7. Steps 3, 4 and 6 may be repeated until the reservoir 10 is economically and properly drilled with spaced apart production and injection well bores. The horizontal production and injection well bores may be in a common horizontal plane if the reservoir 10 is of relatively shallow height, or the production and injection well bores may be spaced in two or more different horizontal planes.

8. Complete the model in accordance with all of the data or information attained through the log and drill stem testing of the well bores. Consideration of the controlled reservoir production technology may then be made in light of the contents of the model in order to determine the controlled reservoir production needs at the subsurface formation 10.

9. Install in all of the well bores the necessary injection control valves 20, production intake control valves 19, and sensors 18.

At each injection wellhead 22 a valve 50 is employed to control the volume of fluid flow in the well. A meter 52 measures this flow rate. The meter also includes a pressure gauge. Information as to pressure and flow rate is fed by a conductor 54 to the surface control system 56 which contains the computer in which the formation model is stored. A valve 58 and a pressure gauge 60 are in like manner installed at each production wellhead 64. Conductor 62 transmits information from meter and pressure gauges 58 and 60 to the surface control system 56. Conductors 54 and 62 are extended as conductors 54A and 62A, respectively, to the production and injection valves and the bore hole sensors located in the well bores. These conductors are used to control the opening and closing of the bore hole valves and to transmit data to the computer regarding the formation characteristics.
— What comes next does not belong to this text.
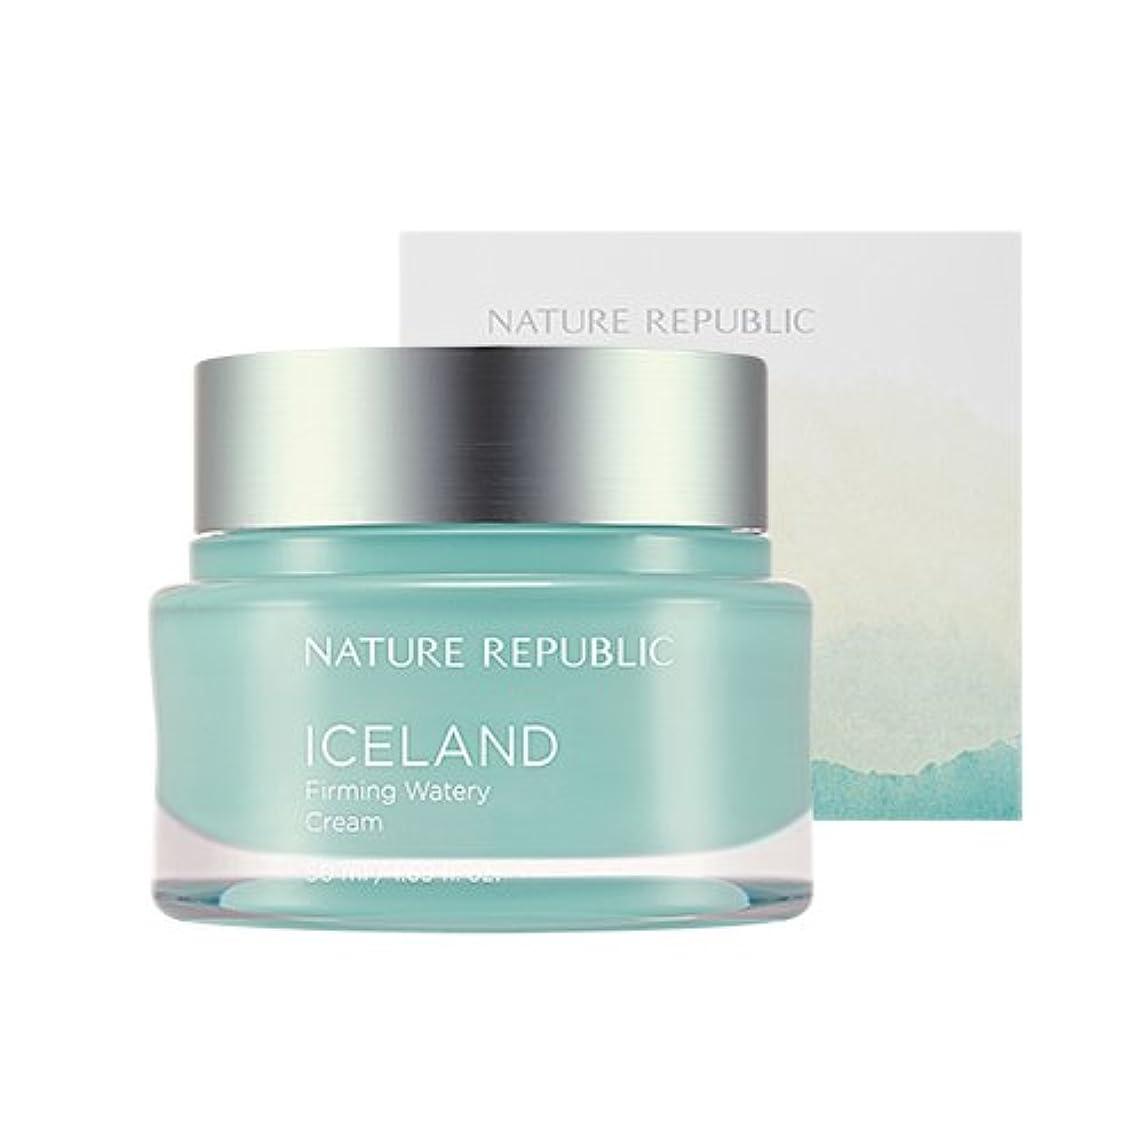 充電サポート加入Nature Republic Iceland Firming Watery Cream 50ml / ネイチャーリパブリック アイスファーミング水分クリーム 50ml [並行輸入品]

10. Operate the computer model to determine the best production procedure in light of the known reservoir data.

11. Initiate the flow of injection fluids through the injection well heads 22 of the injection well bores. Automatically open and/or close the valves 19 and 20 as prescribed by the computer model. It may be found desirable to use proper or well known injection fluids from the very beginning of a well production operation in a new reservoir 10 to maintain best overall productivity. In partially produced reservoirs the optimum time of use of the injection fluids must be determined.

12. As the reservoir 10 is produced, or as fluid is retrieved from the reservoir 10, the computer will continually compare and evaluate the actual fluid flow rates and pressures from the injection well valves 20 into the reservoir 10 and the ensuing reservoir fluid flow rates and pressure into the production well valves 19, against the theoretical fluid flow rates and pressures computed by the model. This evaluation determines the best valve open or close pattern, the best fluid flow rates and pressures and the best fluid flow paths in the reservoir so that optimum sweep efficiency and, thus, optimum fluid flow from the reservoir can be obtained. The computer then opens or closes the valves in the system accordingly. The computer continually monitors and compares these pressures and flow rates and continually opens or closes the reservoir valves. In this manner both injected fluids and reservoir fluids are forced to flow in those patterns that maintain maximum reservoir productivity.
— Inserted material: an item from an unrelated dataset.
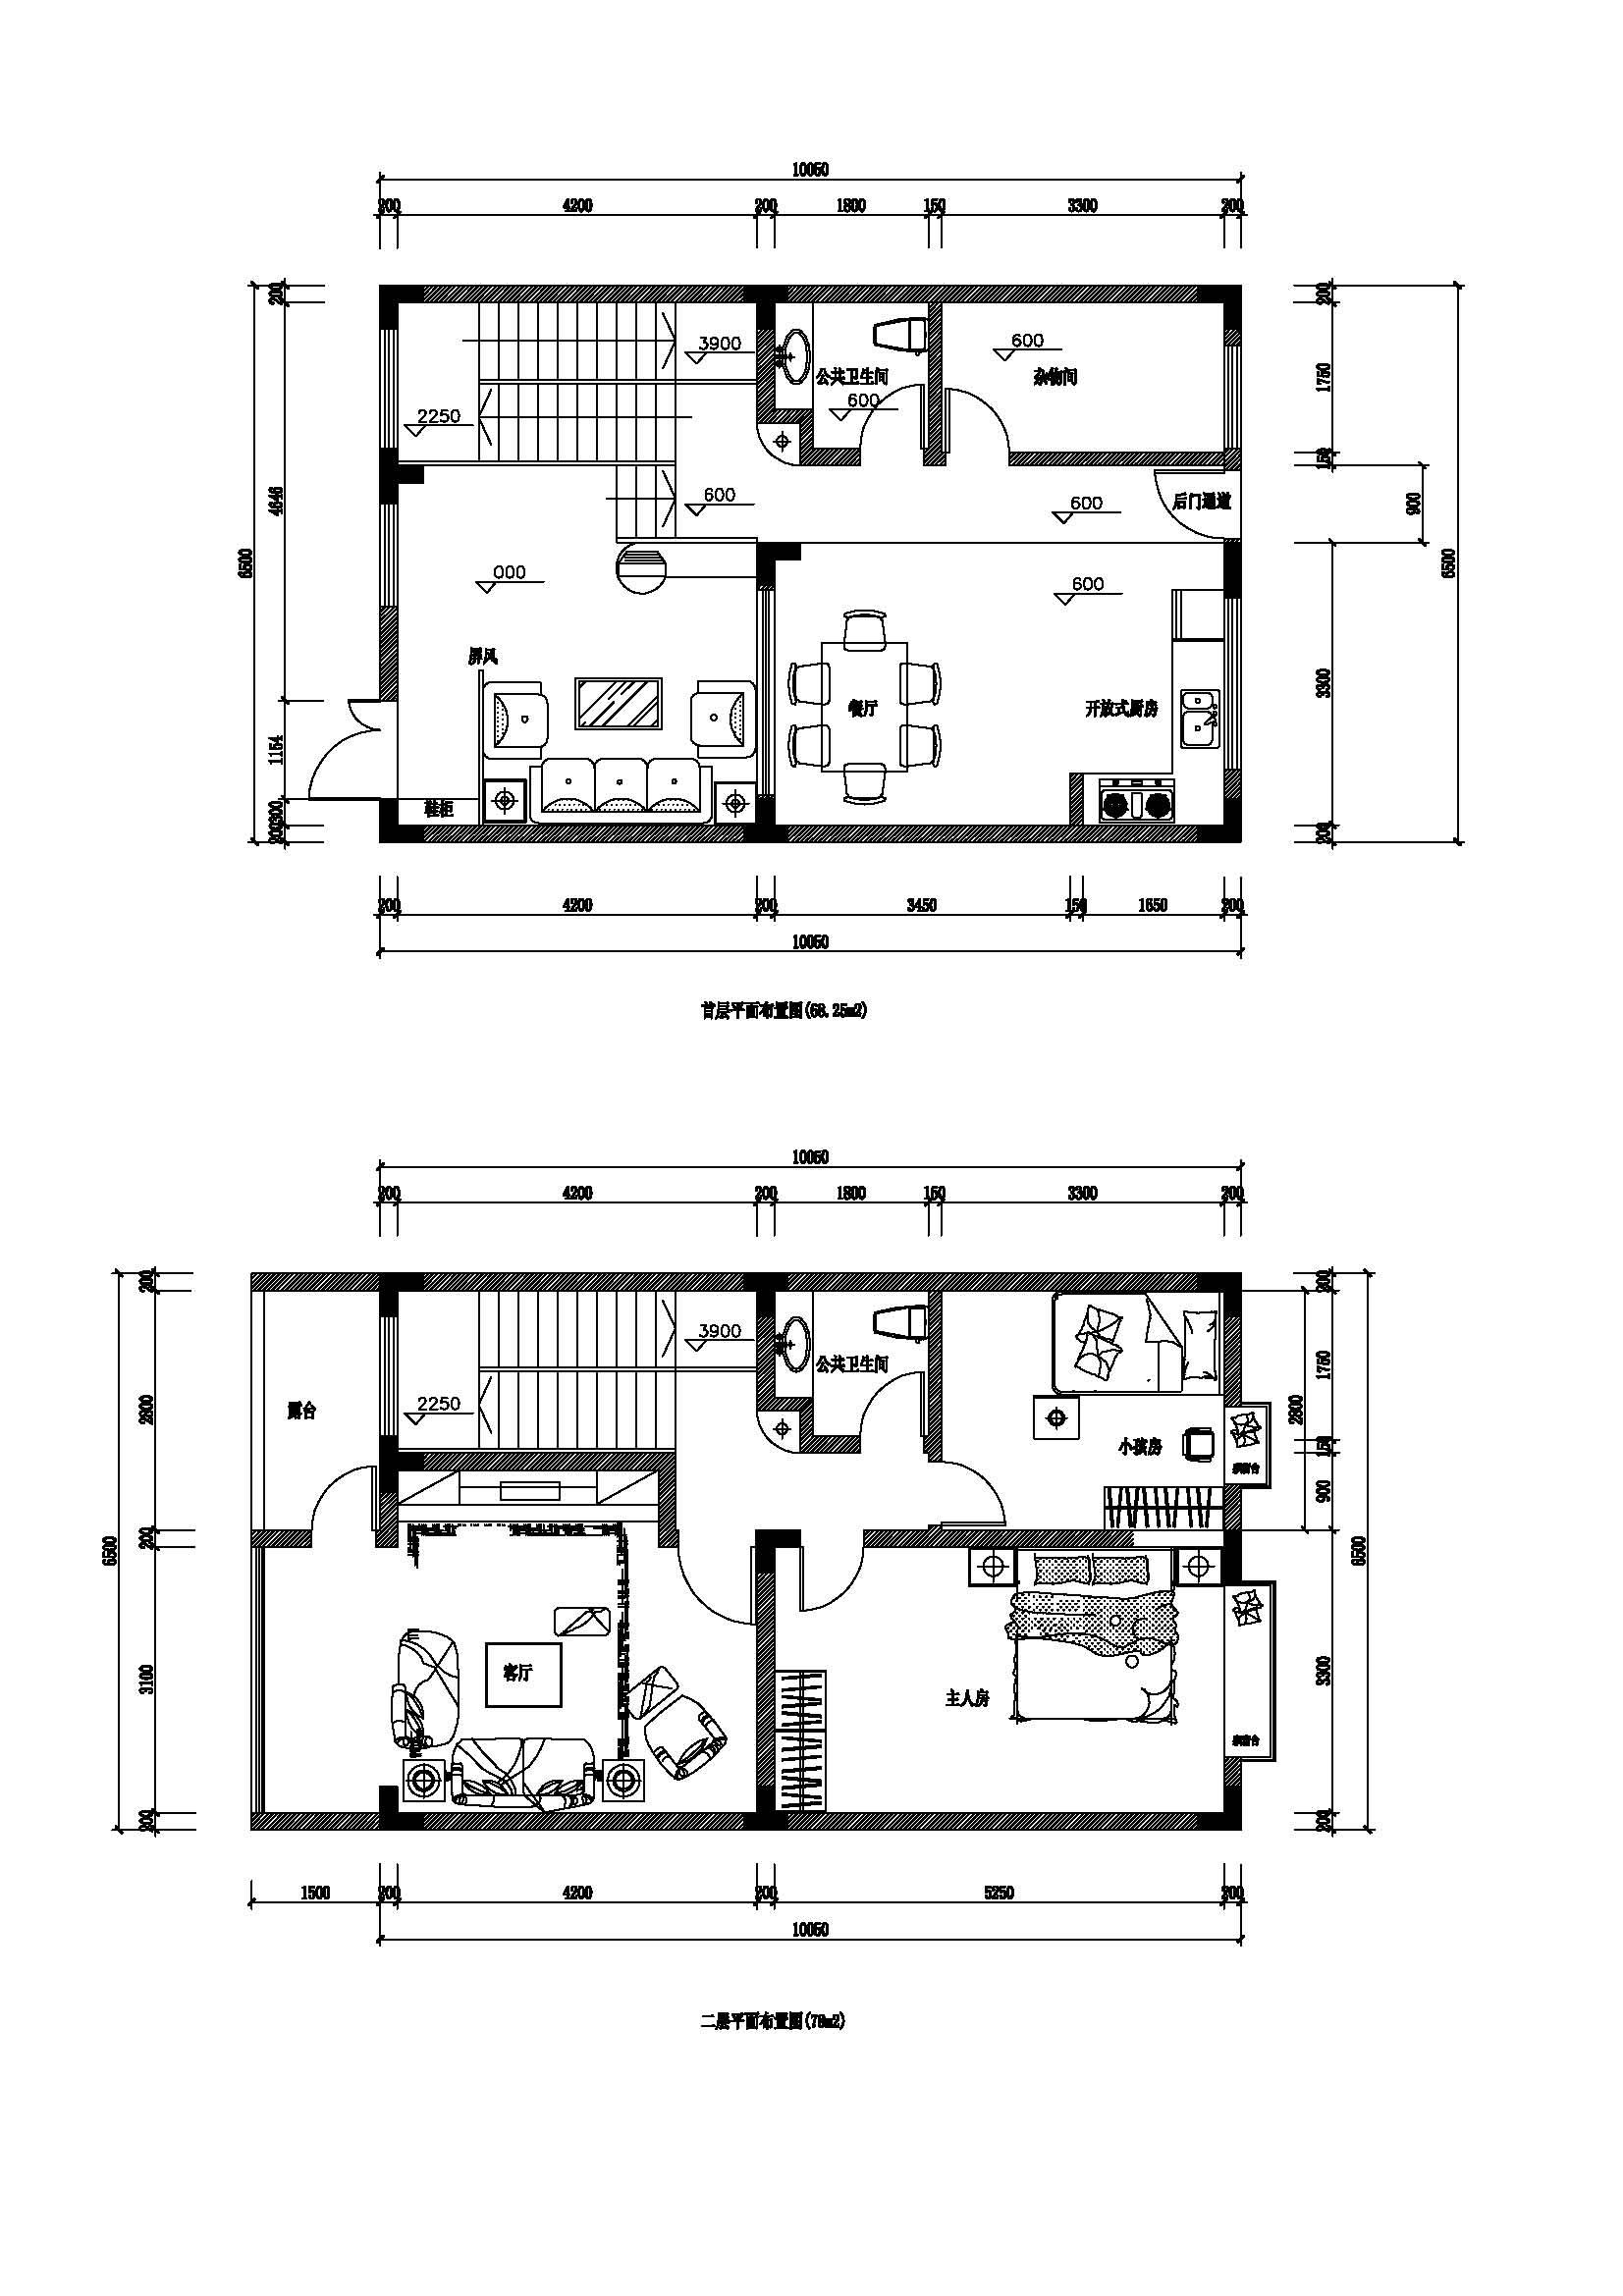 2 2014-04-21 急求农村自建房8*9平方米设计图  2013-07-10 09:14sd图片

Whereas a plurality of properly spaced injection well bores 16 and production well bores 14 are shown in FIGS. 1 and 2, it may be preferable to drill a single production well bore 24 in spaced relation to a single injection well bore 26 as shown in FIGS. 3 and 4. A plurality of speed substantially horizontally extending well bores 28 may be extended from the production well 24 into the formation or reservoir 29 bounded by the planes A and B. In addition, a plurality of spaced substantially horizontally extending well bores 30 may be extended from the injection well bore 26 and into the medium or reservoir bounded by the planes A and B. In the particular instance shown in FIG. 3, the injection well bores 30 are disposed at a lower elevation than the production well bores 28, but it is to be understood that the reverse situation may be utilized if desired. That is, the production wells 28 may be placed or situated at a higher elevation than the injection well bores 30. The injection wells 30 may be provided with valves, nozzle or other suitable injection means 32 in the proximity of the planes A and B or within the medium contained therebetween whereby the injection fluid or fluids may be introduced into the formation. The production wells 28 may be provided with suitable intake means or valve means 34 disposed in the proximity of the planes A and B or in the medium therebetween for retrieval of the fluid therefrom as is well known. The spacing X and Z between the nozzle means 32 and/or valve means 34 as well as the spacing Z between the planes A and B may be selected at the desired optimum dimension therefor. The control mechanisms, wiring systems, computer models, etc., previously described are also incorporated in this system.

Referring now to FIGS. 5A through 5E, assume that an injection well 36 is suitably perforated 38 or otherwise constructed for injecting fluid or fluids 42 into a substrate or medium 39. Assume fluid 42 has a high density and low viscosity. Fluid 42 will flow into substrata 29 in a pattern similar to 40. A second fluid 44, similar in density to fluid 42, is injected behind fluid 42 into strata 39. The flow pattern will be similar to that noted in FIG. 5B. Assume a third fluid 46 of lighter density than fluids 42 and 44 is injected behind fluid 44. Fluid 46 will tend to flow up and over fluid 44 because because of the difference in their densities. If a medium density fluid 48 is now injected in the strata, it will tend to flow between fluids 44 and 46 as noted in FIG. 5D and 5E.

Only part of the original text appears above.